Tough times for middle-class South Africans earning R15,000 a month

 ·13 Dec 2023

South Africans are generally starting to see an improvement in their financial circumstances, but the middle-class is still struggling to turn things around.

During the third quarter of the year, inflation eased closer to 5.0% from 6.2% in the prior quarter, unemployment returned to pre-Covid levels, consumer confidence increased, and the percentage of loans in arrears dropped to 37.5%.

According to Eighty20’s latest credit stress report, the rate of new defaults (RNB) (the proportion of outstanding loan balances that went into default during the quarter across all loan products) also trended downwards over the quarter, except for vehicle asset finance – a welcome reprieve from the double-digit YoY growth in the last three quarters.

“The RND is at 2.51%, up 25% from 2.01% a year ago. Although the annual change in the rate of new defaults (CRND) remains high, it is down 1.3% in the last quarter. The CRND is an early warning sign for the state of credit in the country,” Eighty20 said.

Only middle-class workers (personal income of R15,000) experienced an increase in the overall RND from Q3 2023 – but this was still only a 0.2% increase.

Eighty20 gave three potential explanations for these results:

  • Hypothesis 1: Things are getting better – people are managing their finances, cutting back on spending and making payments on debt

  • Hypothesis 2: Things literally couldn’t get any worse – anyone who was going to default has already gone into default

  • Hypothesis 3: Credit providers have become significantly more risk averse in their lending and are, therefore, giving loans to people less likely to default

However, it is likely that this is probably a combination of all three factors.

“The credit card numbers reflect the hypothesis that people have become more responsible about their debt. While balances are still growing across all segments, albeit at a slower rate, new defaults are down QoQ by 2.1%.

“By comparison, overall loan balances are up 20%, with retail and unsecured up barely one percent,” said Andrew Fulton, Director at Eighty20.

“The four wealthier ENS segments have been relying on their credit cards to make it to the end of the month. As a result, overall credit balances are up more than 30% since Covid – by comparison, overall loan balances are up 20%, with retail and unsecured up barely one per cent.”

Although credit card debt is up 9.5%, this is still significantly lower than the double-digit growth seen over the last two years.

The drop in credit card growth was seen across all segments, with the Middle Class seeing growth at 6.5% YoY and the Mass Credit Market (personal income of R5,000) at nearly 12% YoY growth.

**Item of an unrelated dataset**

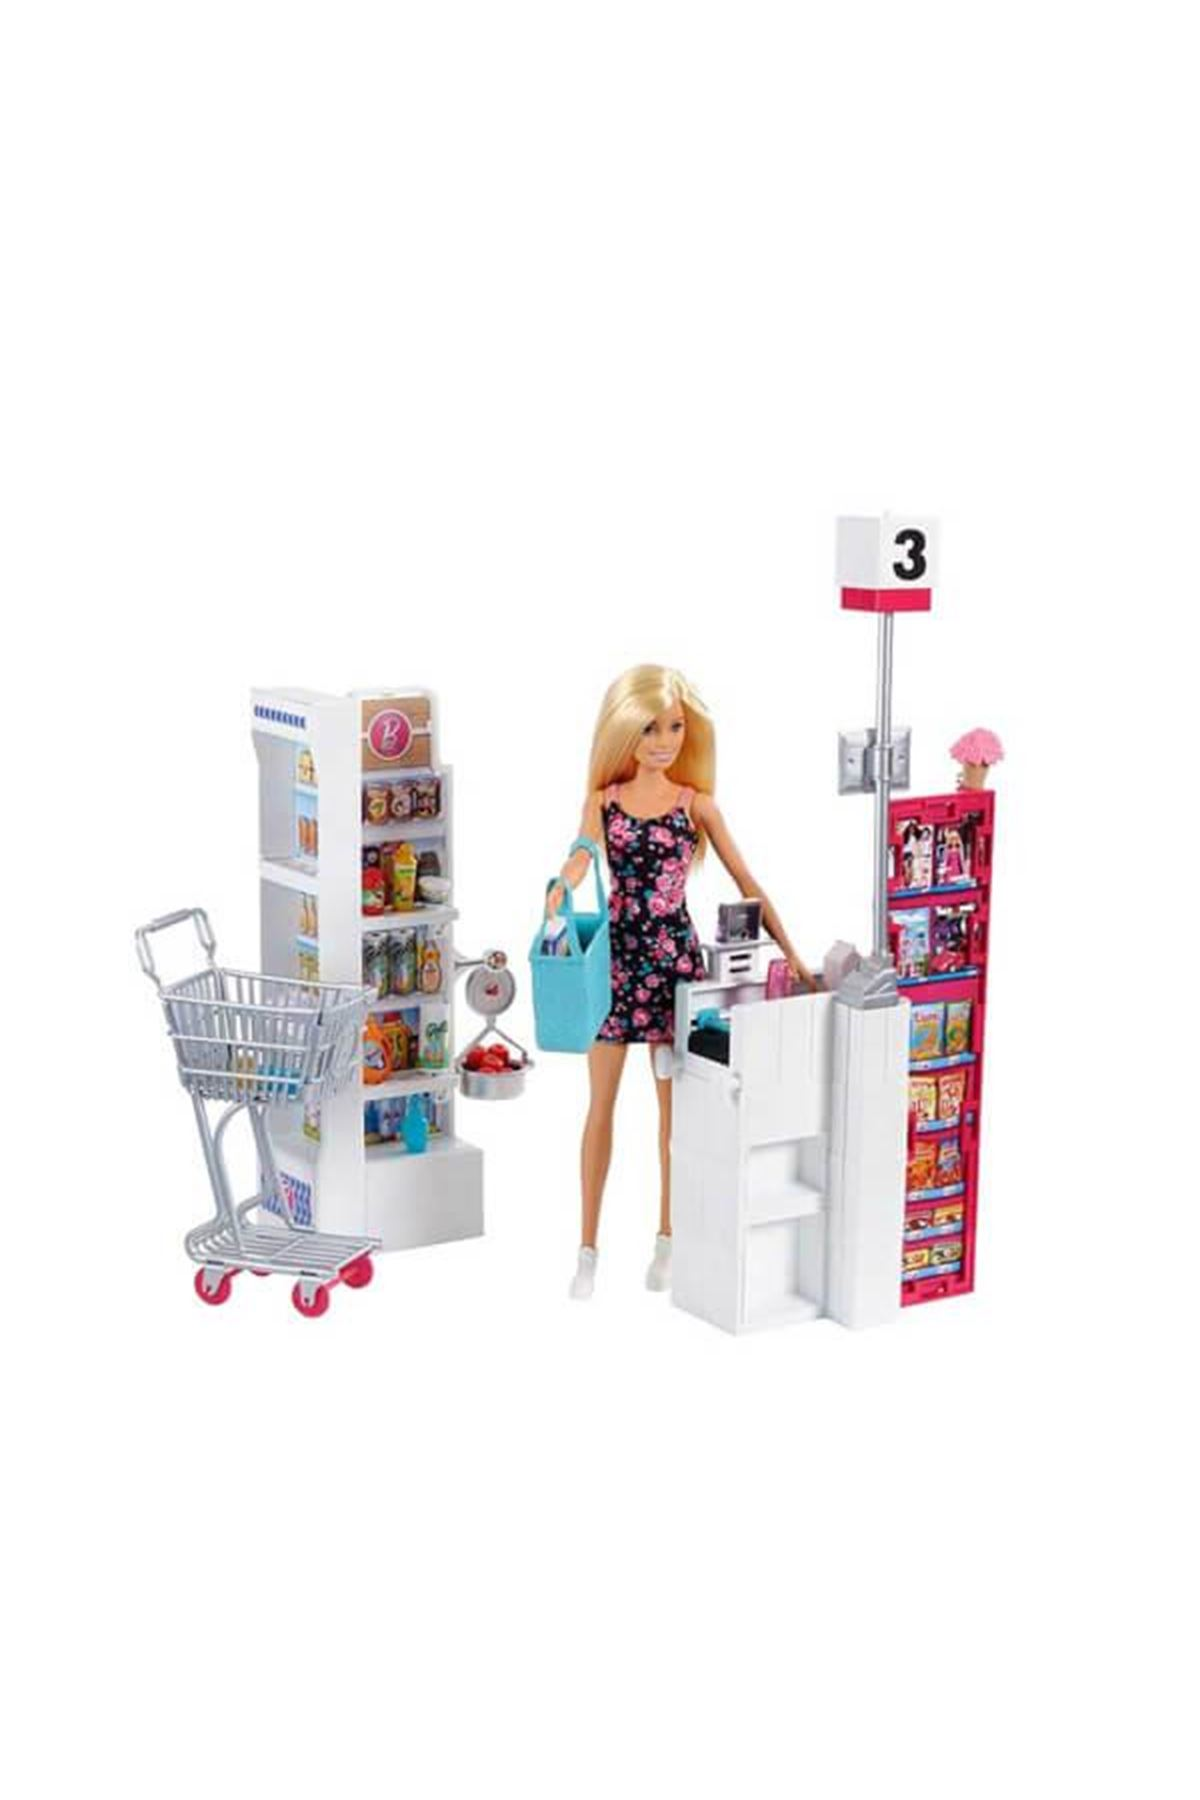 Barbie Süper Markette Oyun Seti FRP01

Despite this slowing growth, the average credit card loan balances for these segments are still twice their average monthly income,” Eighty20 said.

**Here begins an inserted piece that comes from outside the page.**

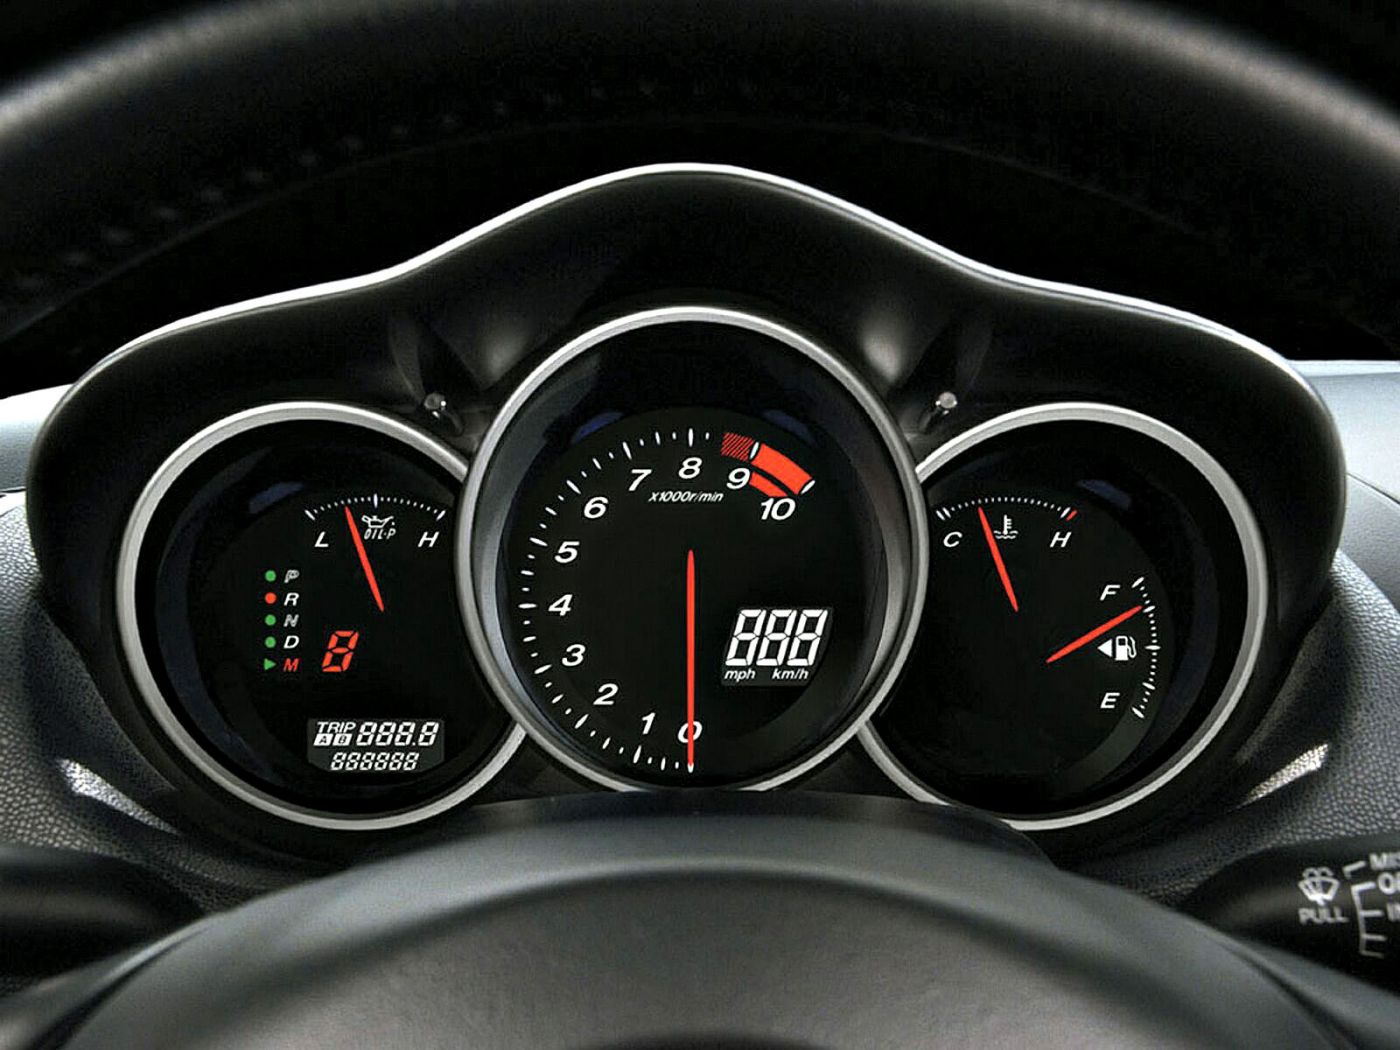 Mazda Rx8 Gauges Wallpaper 1400x1050

The average instalment-to-income ratio also continued to rise, like credit card debt, but it had declined from last quarter.

“However, we do still see the Middle Class at nearly 75% of their income going to instalments, Heavy Hitters at 60% (personal incomes of R42,000 per month) and the Mass Credit Market approaching 40%.”

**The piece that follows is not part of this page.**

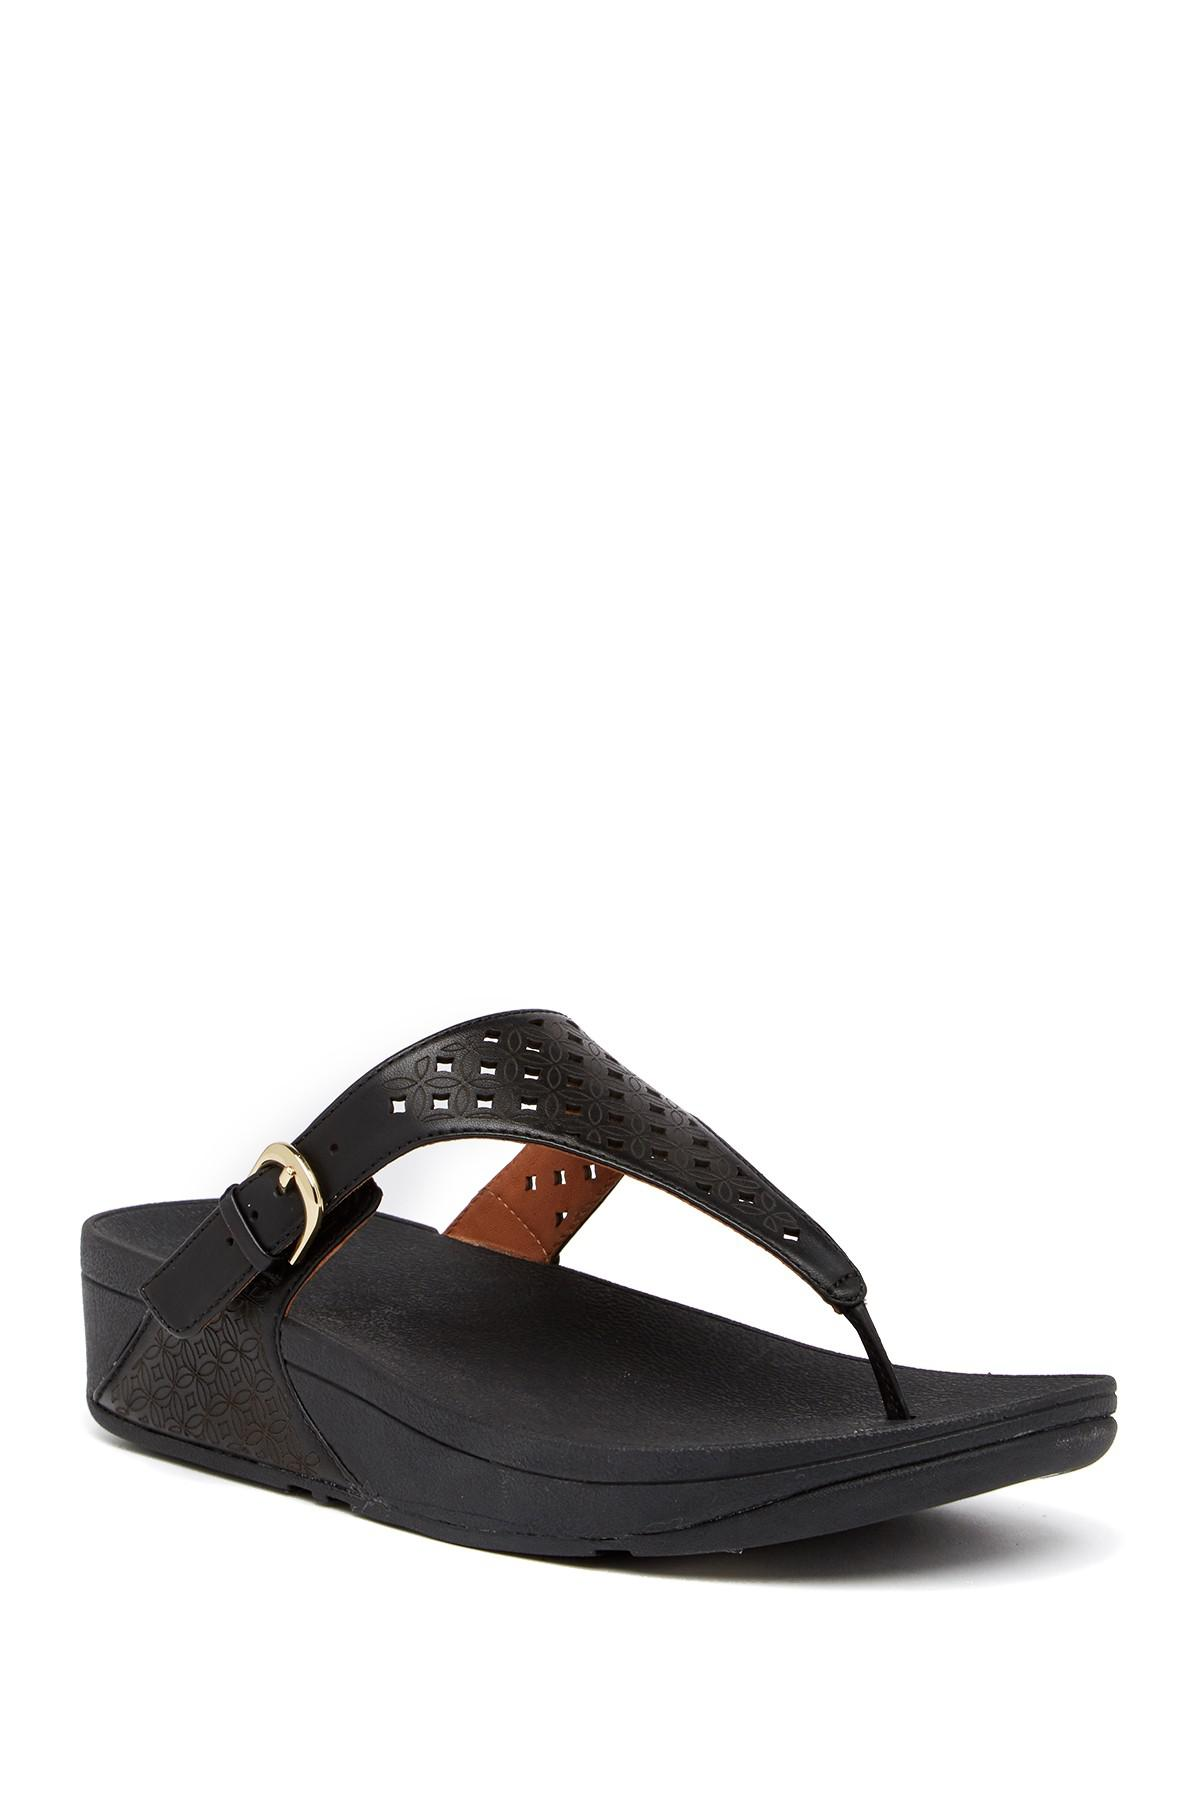 Fitflop. Women's Black Skinny Toe Post Lattice Wedge Sandal

The small improvement in the RND and slowing growth in credit balances may also support the hypothesis that we have reached the bottom, with most credit-stressed South Africans already in default.”

“Furthermore, credit balances for Heavy Hitters and Comfortable Retirees have seen reasonable growth, while the Mass Market and Middle-Class Workers have seen no growth in the value or volume of total loans over the past year.”

Nearly all — or 95% — of the R166 billion increase in credit balances from the last year came from the Heavy Hitters and Comfortable Retirees, with home loan balances accounting for almost two-thirds of this amount.

Home loan balances increased by 9.1% YoY, and, unlike the other loan products, 99% of this is held by three segments: the Heavy Hitters (75%), Middle-Class Workers (17%) and Comfortable Retirees (7%).

Whereas the heavy hitter segment accounted for R90 billion (10.8%) YoY growth in home loan balances, it remained flat for the middle class – bringing the overall increase to R102.7 billion.

Closing the taps

There has also been a substantial slowdown in bank lending amid low economic growth and increasing consumer debt, which accounted for the lack of credit growth in the lower-income segments.

Several banks have also sounded the alarm on the elevated levels of credit impairments. Banks decreasing lending would also focus on less risky segments, hence the QoQ drop in new defaults.

“Regardless of the cause, for the first time in many months, we have seen credit and economic indicators move in a different direction. Given the year we’ve had, some joy towards the end is welcome,” said Fulton.